Greenpeace has gone over the line this time in betraying the whales.
The Greenpeace Foundation has launched a bizarre and contradictory campaign to "save" the whales. This week on Valentine's Day, Greenpeace hit the road in Japan with the strangely named "Whale Love Wagon."
The campaign opened by asking supporters to send a fax transmission to the Antarctic whaling fleet saying, "I love Japan but whaling breaks my heart."
The Greenpeace attitude is that if they can't beat them, then they should join them. And in doing so, Greenpeacers have betrayed the whales. They are eating them.
In promoting their theme that Japanese whale eating culture must be respected, a video distributed by Greenpeace depicts a Greenpeacer visiting a Japanese grandmother in her home. He sits down and eats whale with her, and politely tells her that is was delicious.
"We are making it very clear that we have no problem with Japanese culture or eating whale," said Emiliano Ezcurra, an Argentinian Greenpeace activist who helped design the campaign.
Ezcurra said that Greenpeace has no problem with whaling on Japan's coast but opposes the slaughter of the whales in the Southern Oceans Whale Sanctuary.
Sea Shepherd Founder and President Captain Paul Watson, one of the co-founders of Greenpeace is appalled at the pro-whaling stance of Greenpeace. "This campaign is just simply bizarre," said Captain Watson, "How does Greenpeace think they are going to stop whaling in Antarctica by publicly eating whale meat and declaring whale meat to be delicious? What are these people thinking?"
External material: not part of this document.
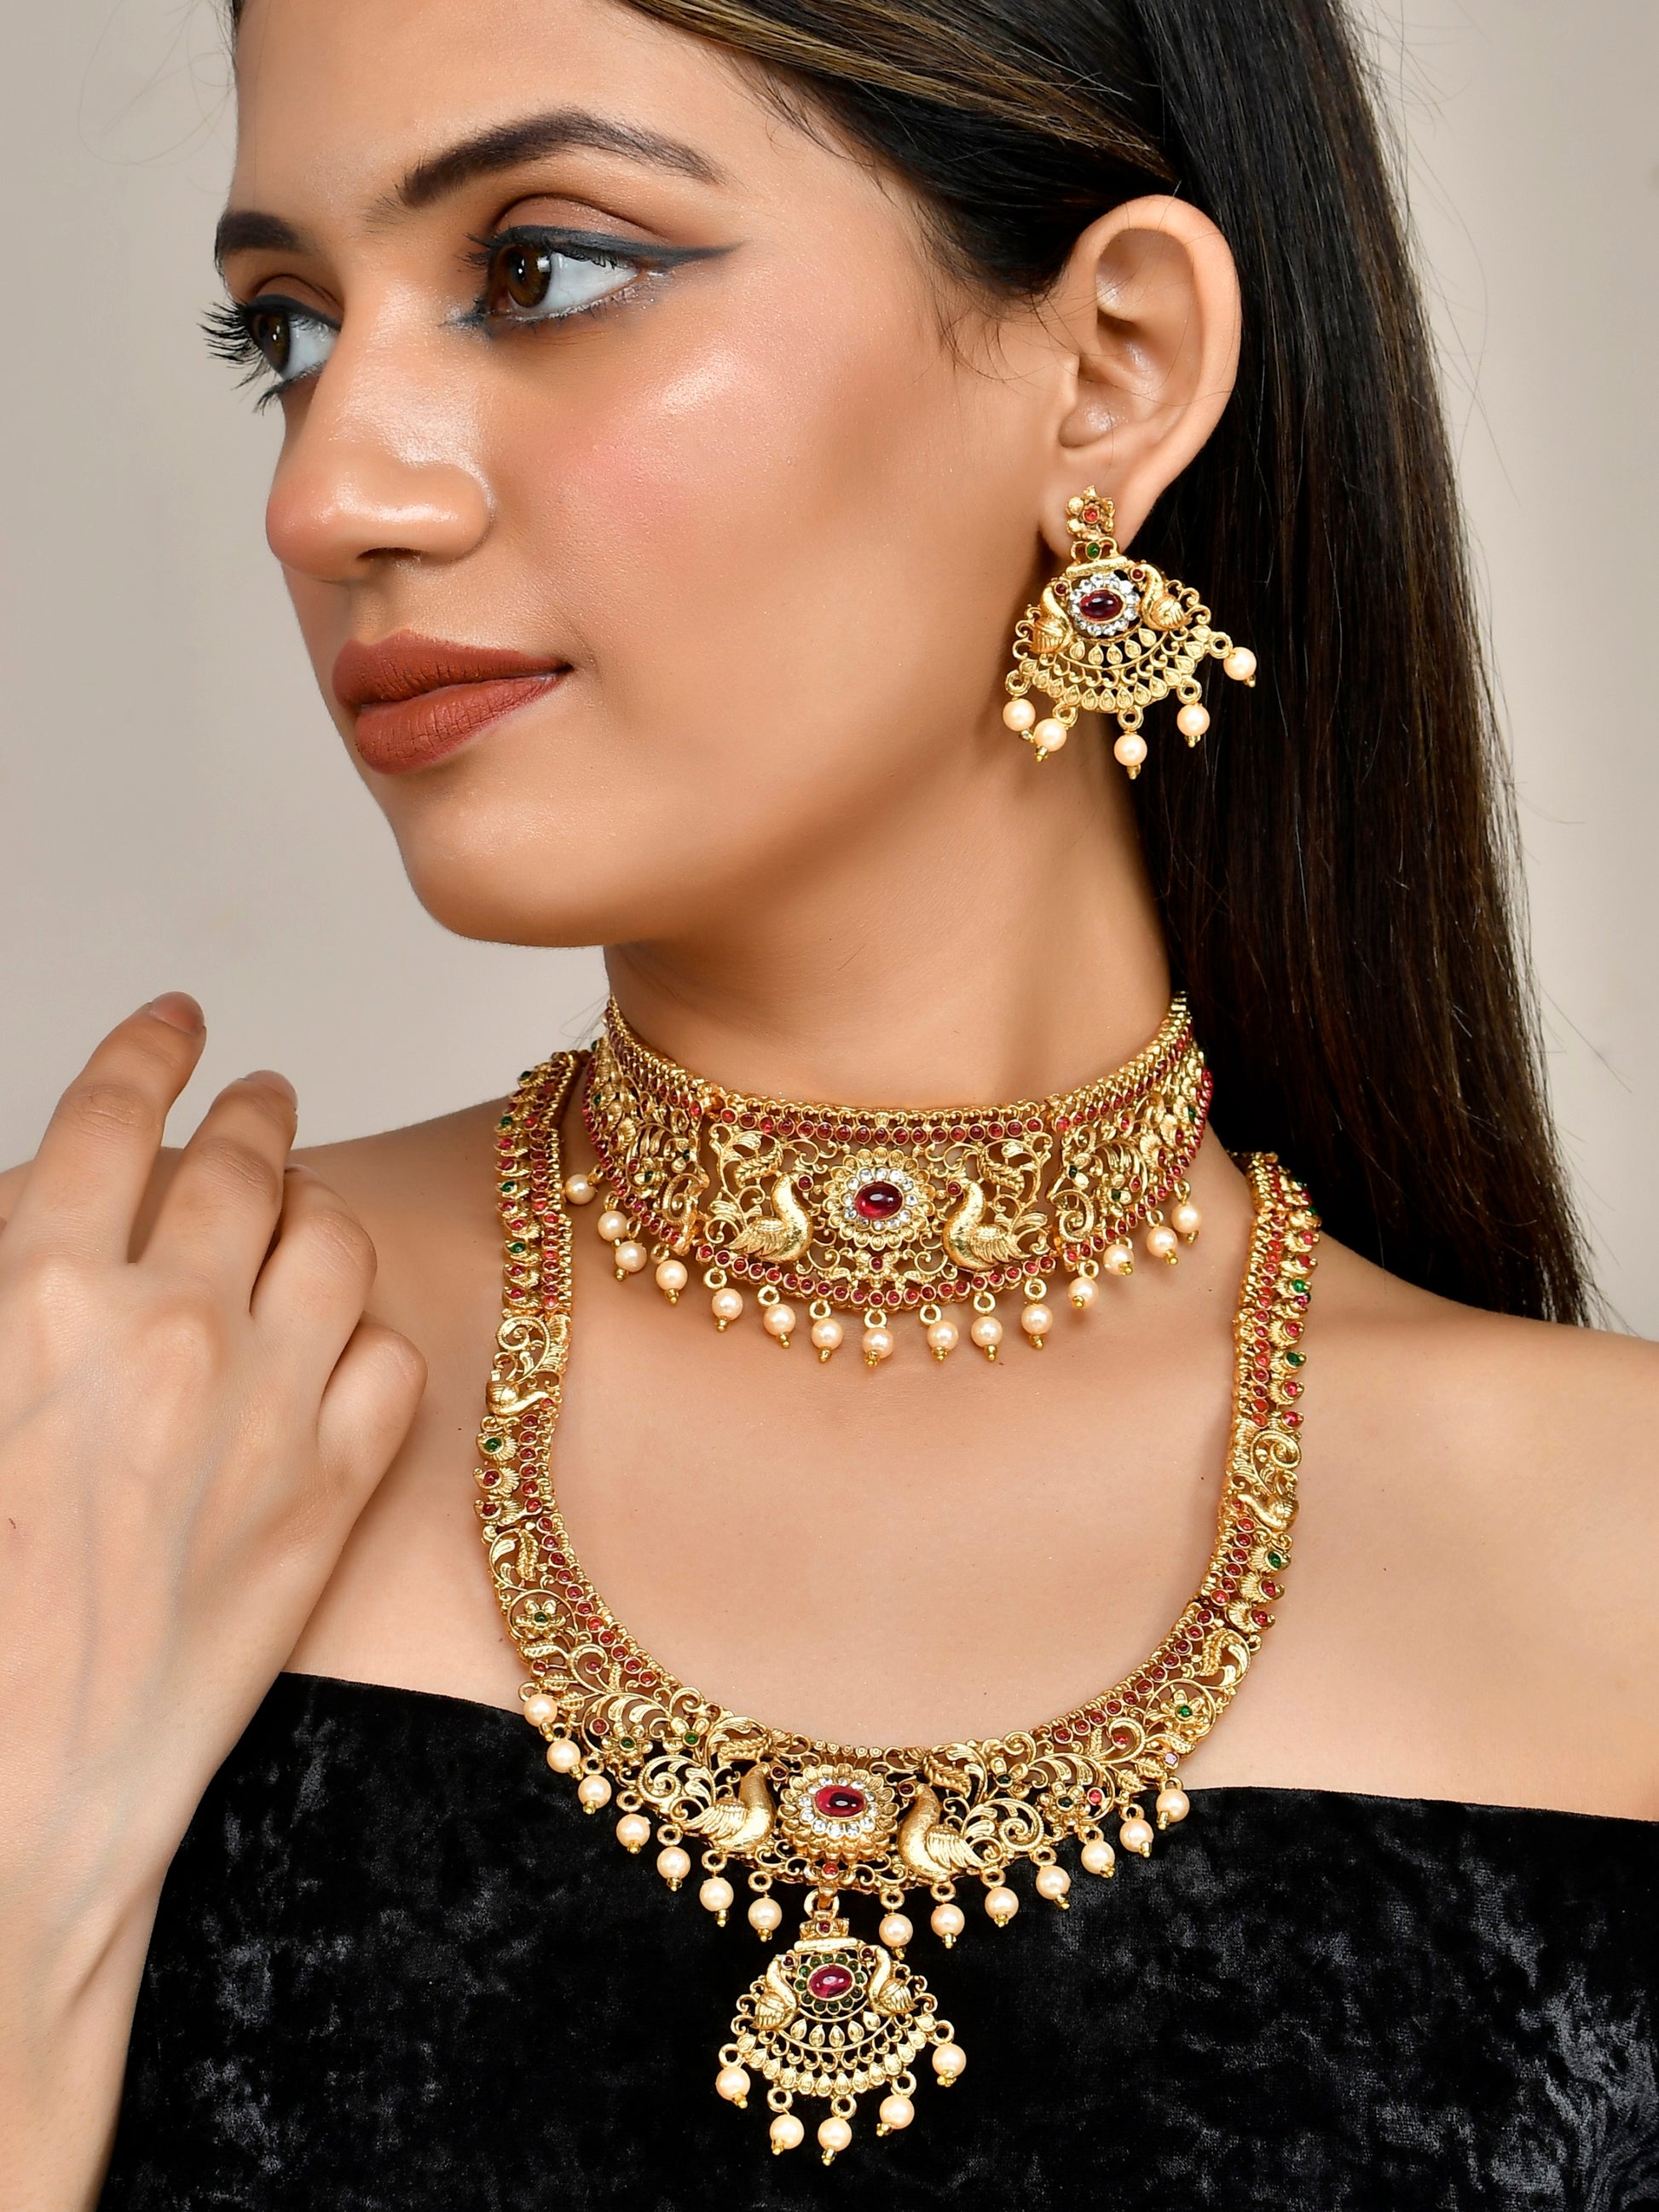 South Indian Double Necklace Jewellery Set

This is not the first time that Greenpeace has betrayed the whales. In 1997, they assisted in a Yupik whale hunt by towing a dead bowhead whale ashore and ate whale meat as guests of the community.
Greenpeace International Director John Frizell has openly stated that Greenpeace is not opposed to whaling in principle.
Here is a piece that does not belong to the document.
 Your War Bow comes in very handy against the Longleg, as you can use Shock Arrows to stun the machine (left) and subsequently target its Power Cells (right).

When Sea Shepherd crew visited the Greenpeace ships Esperanza and Arctic Sunrise in Cape Town in February 2006, they could not help but notice that on the eve of a major campaign on overfishing along the African coast, the Greenpeace crew were sitting down to dinner before platters of baked fish.
When one of the Sea Shepherd crew questioned the contradictions and said that Sea Shepherd ships served only vegan meals, the cook on the Esperanza said, "That's just silly."
Greenpeace has a reputation built on the hard work and ideas of people like Paul Watson, Robert Hunter, Bobbi Hunter, Al Johnson, Dr. Paul Spong, and others, and these ideas and efforts are being spat upon by these politically correct bureaucrats who now run Greenpeace.
Emily Hunter, the daughter of the late Robert Hunter is presently with the Sea Shepherd campaign in Antarctica onboard the ship named after her father. "The memory of my father, the first president of Greenpeace, has been dishonored by this incredibly ridiculous campaign to have Greenpeacers eat whale meat as a gesture of support for Japanese culture," Emily commented.
Greenpeace sent one of their ships the Esperanza to Antarctica to unfurl anti-whaling banners before the Japanese whaling fleet. Despite being given the coordinates of the whaling fleet for over a week, the Esperanza still has not found the whaling fleet. If they do find the Japanese fleet, there will be no whaling activities to oppose.
Whaling in Antarctica is over for this season as the Japanese factory ship Nisshin Maru, in the Ross Sea, has experienced a major fire in their engine room.
Sea Shepherd hunted for the Japanese fleet for 6 weeks before engaging them in confrontations north of the Balleny Islands on February 9th and February 12th.
Speaking from the ship Robert Hunter, Captain Watson said, "I respect Japanese culture, and in fact, I have been a student of Japanese history, but I do not and never will respect any part of a culture that butchers and eats the flesh of one of the most intelligent, socially-complex, and most gentle sentient beings on this planet. I place whale eating on the level of cannibalism as barbarous behaviour."
The slaughter of endangered whales in the Antarctic Whale Sanctuary must be ended and it won't be ended by sitting down with Japanese grandmothers and sharing a whale burger with them.